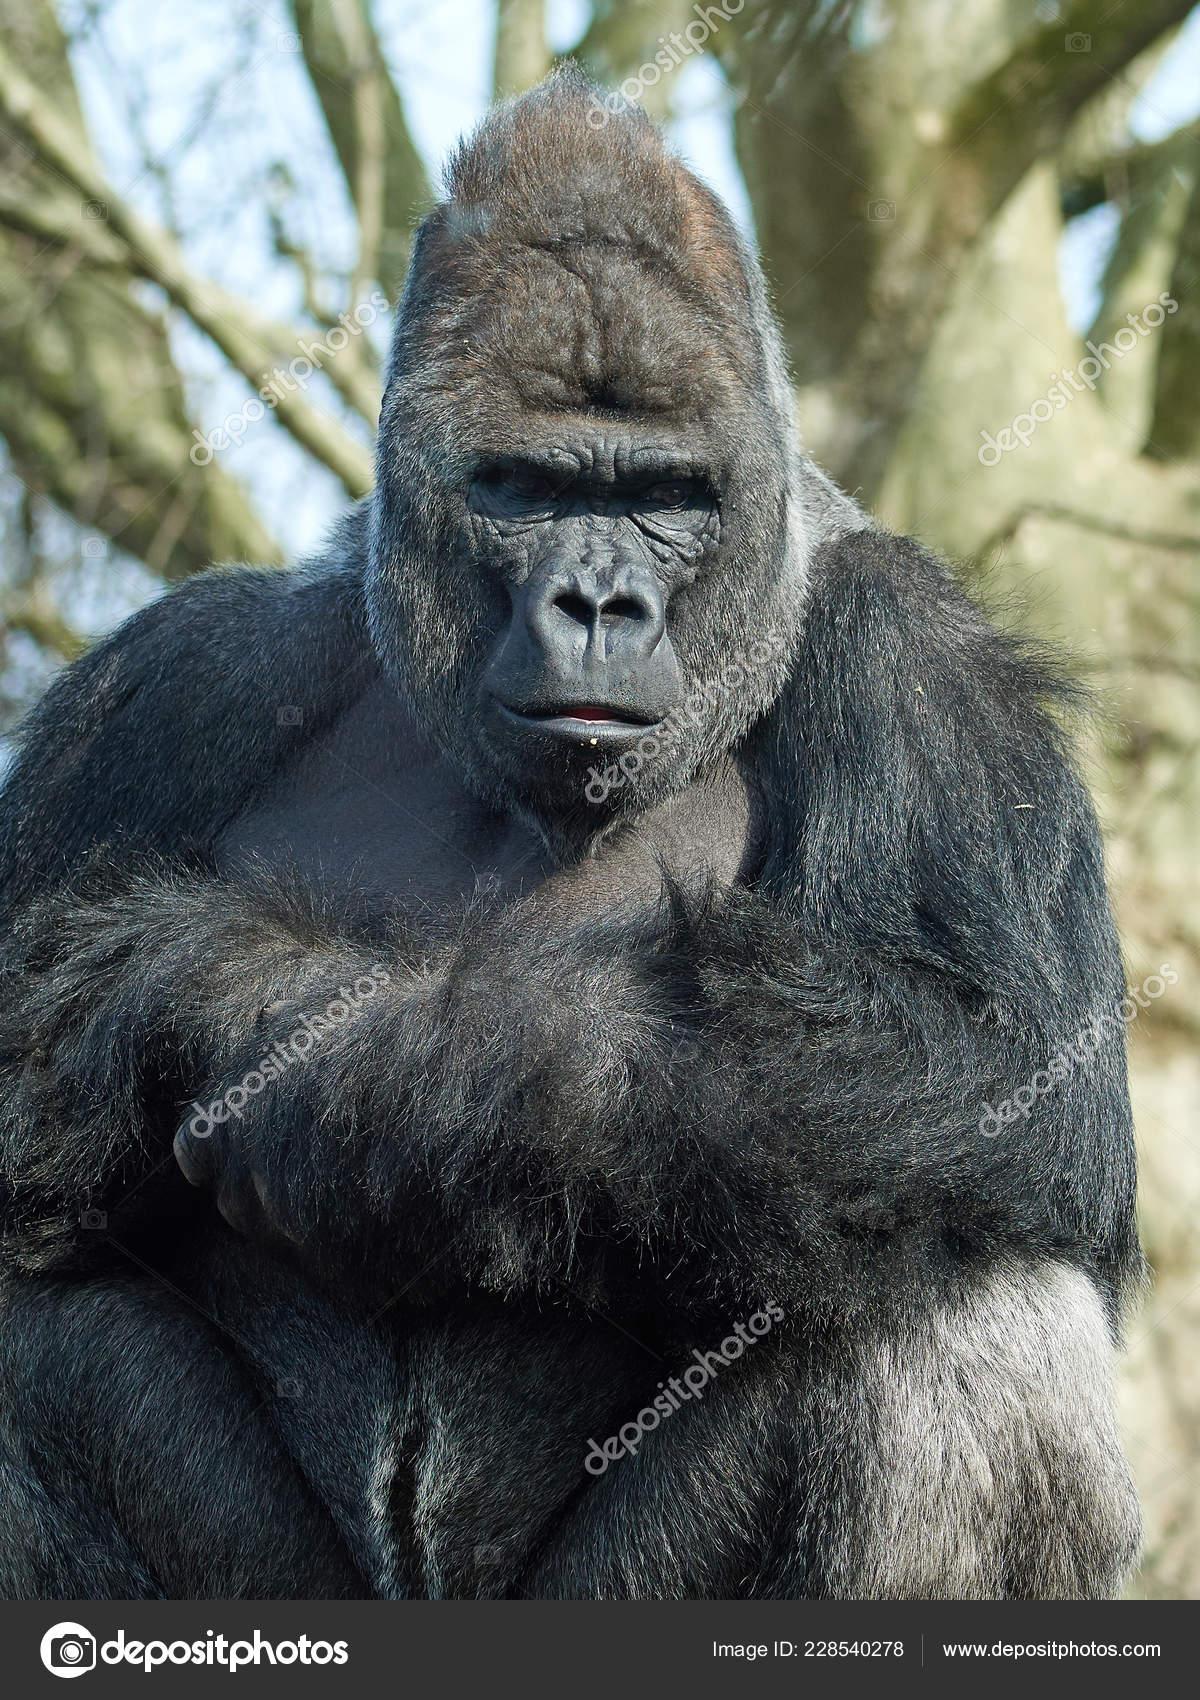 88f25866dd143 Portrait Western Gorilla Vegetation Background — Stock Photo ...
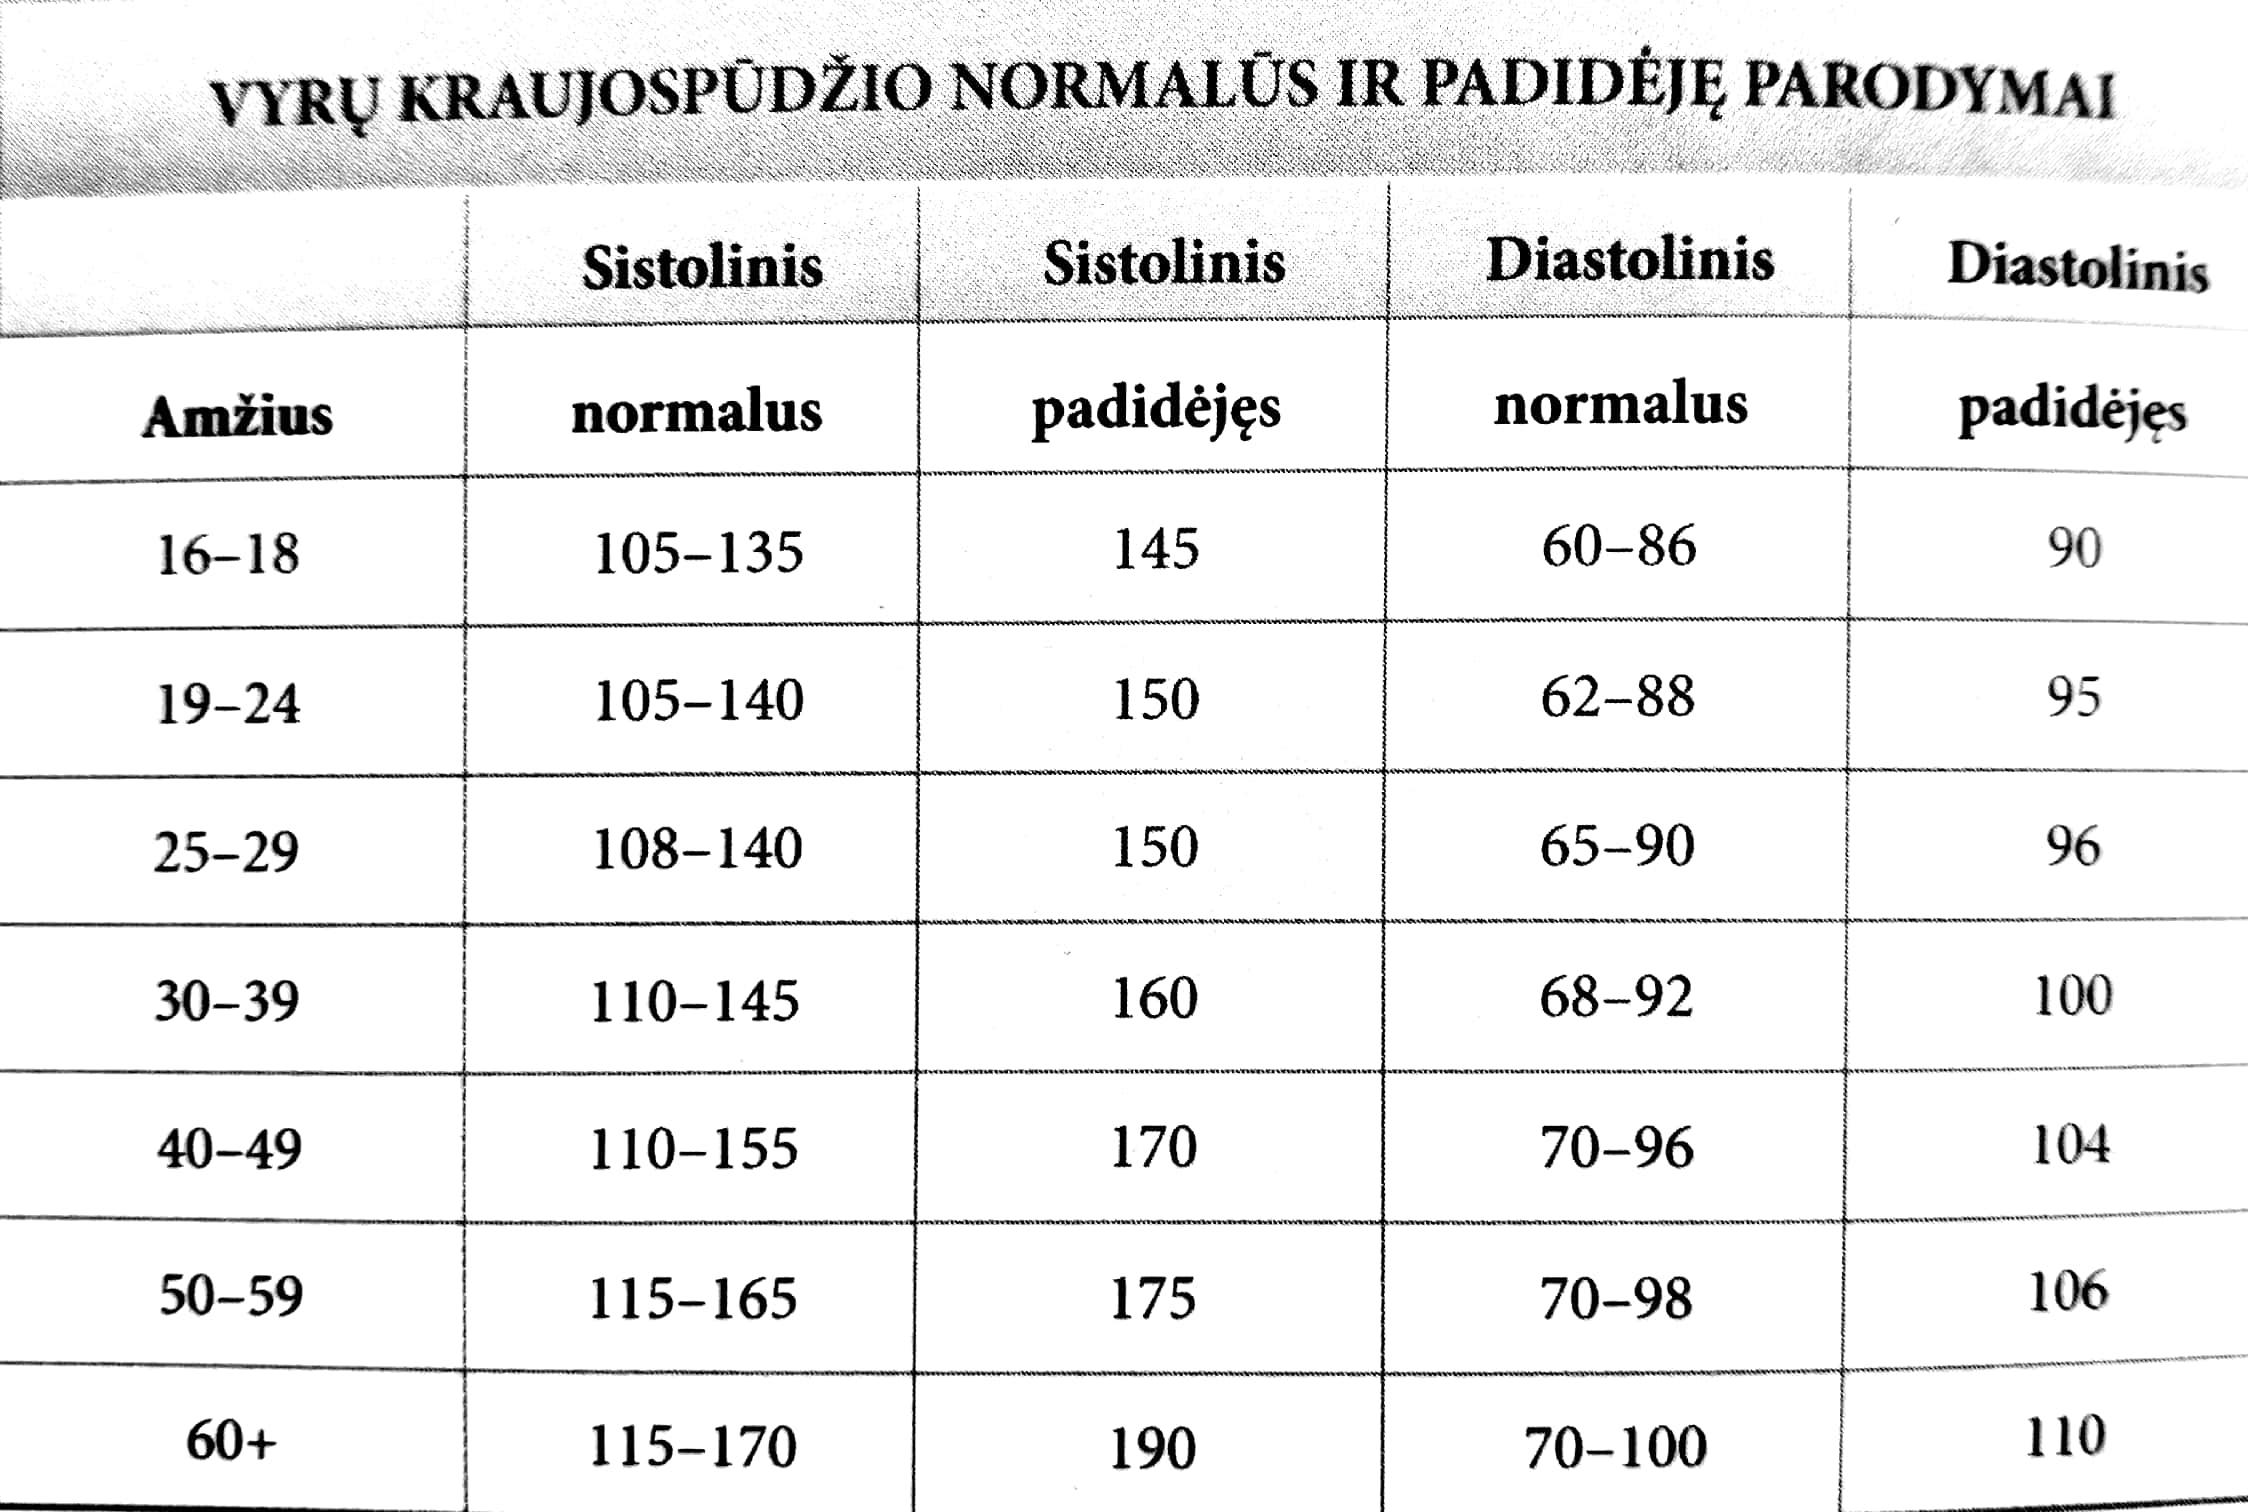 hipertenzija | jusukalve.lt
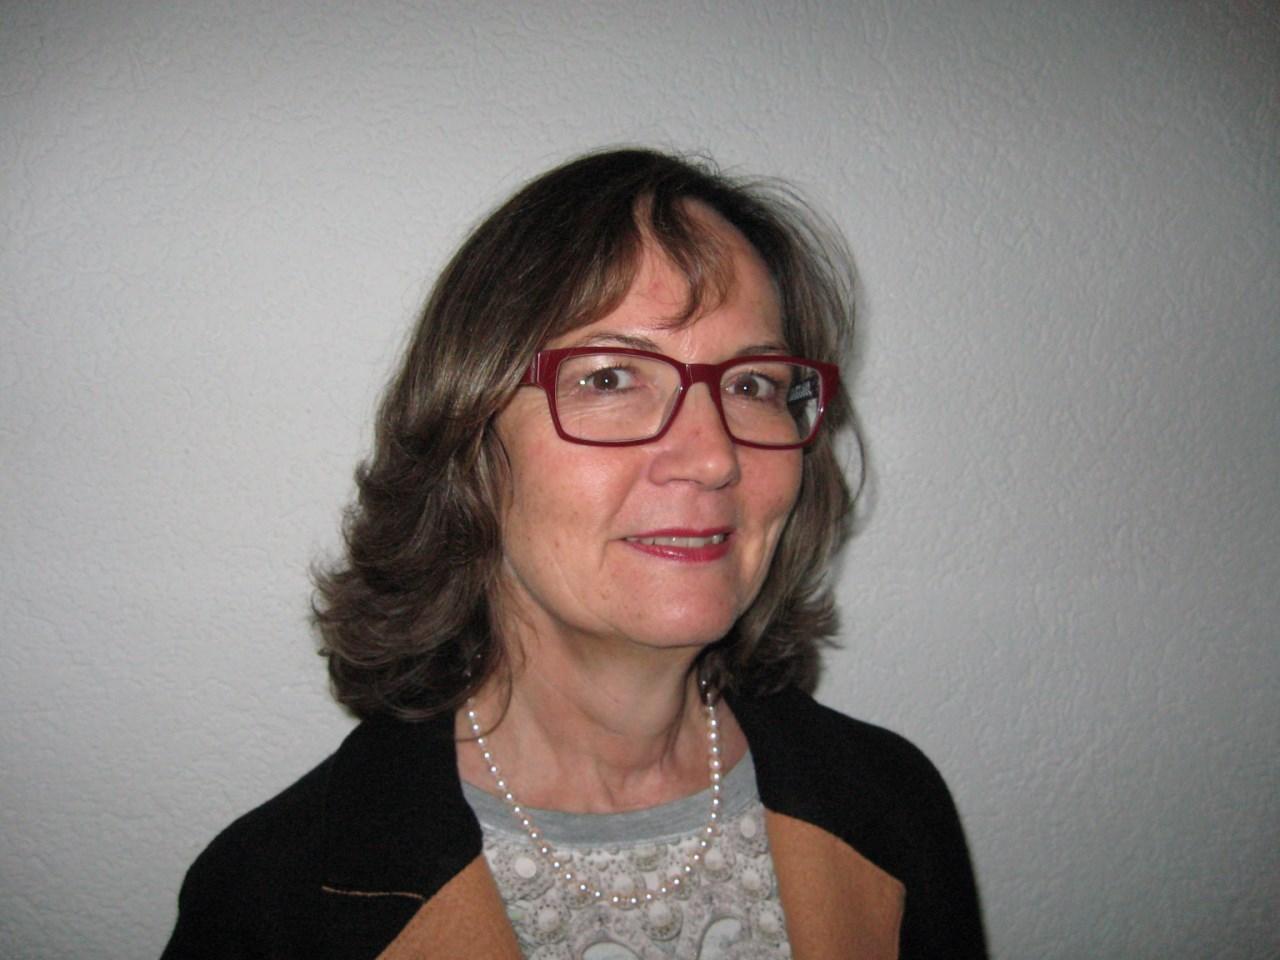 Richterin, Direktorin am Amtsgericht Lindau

——————

* Exercise brief *
Transcribe the data verbatim. No picture belongs in the result.

* Response for this exercise *
 88f25866dd143 Portrait Western Gorilla Vegetation Background — Stock Photo ...
 hipertenzija | jusukalve.lt
 Richterin, Direktorin am Amtsgericht Lindau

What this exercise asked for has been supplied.